Encendió el ventilador, y me dijo que me sentara que enseguida volvía con dos tazas de café. Me senté y vi la heladera y los sifones de soda junto a la mesada. Dijo algo sin levantar la voz, como si los objetos le resultaran indiferentes o no le recordaran la medida de quienes los habían creado. e inmediatamente después escuché la impresión que le había dejado la conversación con un vecino esa mañana. El cuarto, el brillo grisaceo de la ventana, era imposible intuir lo que el patio dejaba. Volvió con las tazas y las apoyó en el escritorio, y se sentó en la silla de la computadora. Le pregunté si reservaba algún momento del día para escuchar música, o si la disfrutaba mientras hacía otras cosas. Me dijo que cuando era muy joven solía pasar horas con las obras de compositores que lo conmovían. Que el mundo cabía en esas emociones mientras el tiempo era un capricho que las devoraba. Sonrió, y miró la pantalla, la pared enyesada, el aire que revotaba. Pensé que en ese espacio compartido podía sentir la gracia de haber existido. Pero no lo dije. No me atreví a decírselo. Era algo tan íntimo que parecía desconocer la presencia de alguien querido.
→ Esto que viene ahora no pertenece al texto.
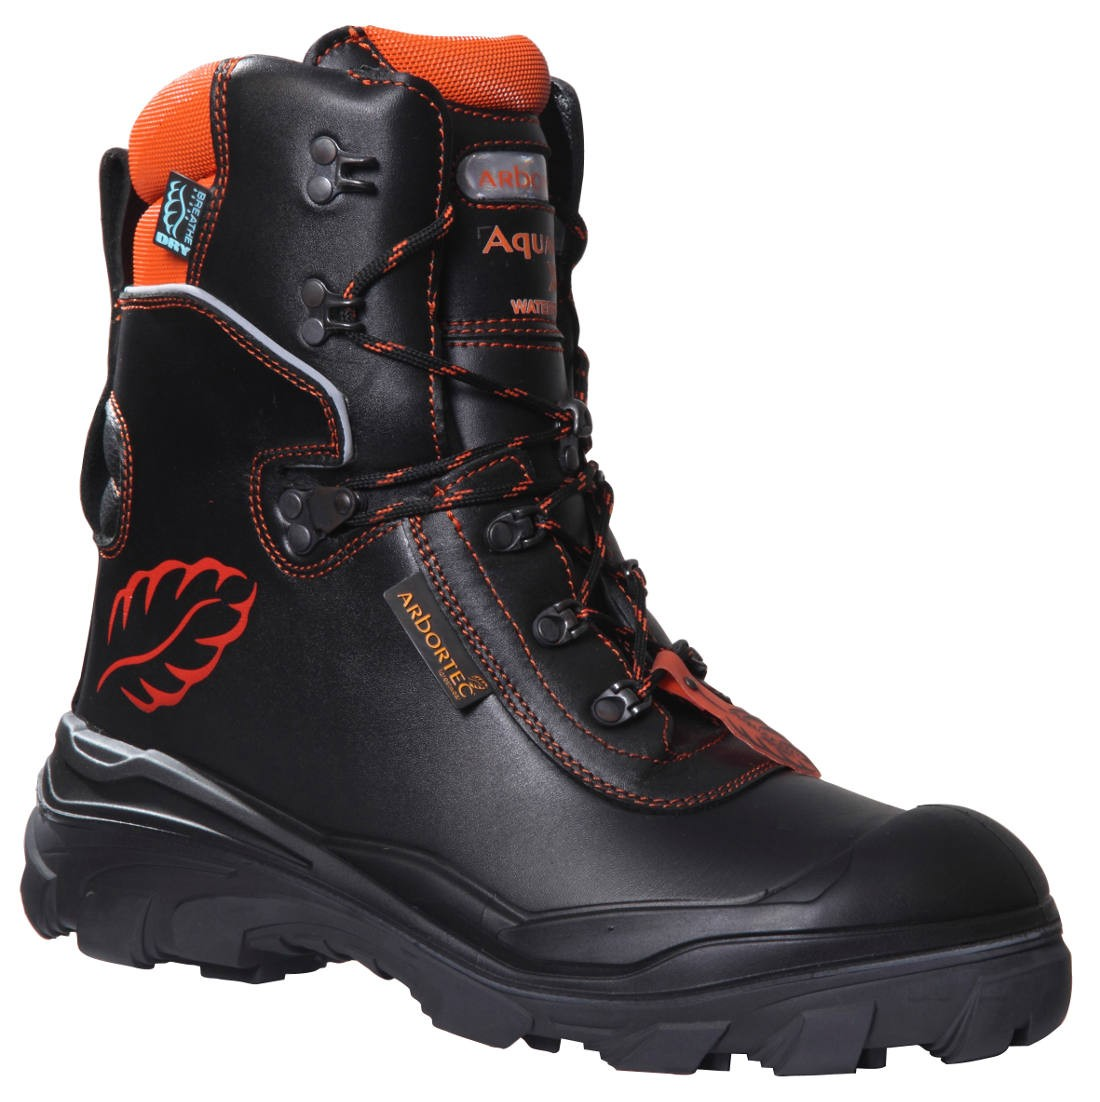 648341be30d Aquafell Xpert Class 2 Chainsaw Boot

Estiró las piernas y se llevó la taza. Por el respaldar de la silla pude ver las letras que señaló con el dedo índice como si fuesen un regalo. Lo escuché. Otra vez. Su voz, su acento que bajaba y subía y volvía a suspender lo que me entusiasmaba. Creí que ya lo había escuchado, o que lo había leído y que tal vez nunca lo había imaginado. Abrió el libro, con las mismas letras y el mismo color azabache, oraciones sueltas en hojas apretadas. Tenía diecisiete años, y lo que veía era todo y no se parecía a nada. Pensamientos, reflexiones, pausas, desconocimiento, recuerdos despojados del tiempo, esas hojas marcaban las páginas que releía todas las semanas. Pensé en mi obsesión incrédula, en las míticas preguntas que intentaba responder para considerar a los pensamientos tan concretos como la abstracción de los planteos matemáticos. Juntó las hojas, y las guardó debajo de la tapa. Las manos eran más claras que el sol de media mañana. La camisa, el pantalón pinzado, la línea curva de los zapatos, estaban ahí. No necesitaba nombrar lo que cualquier palabra aparentaba.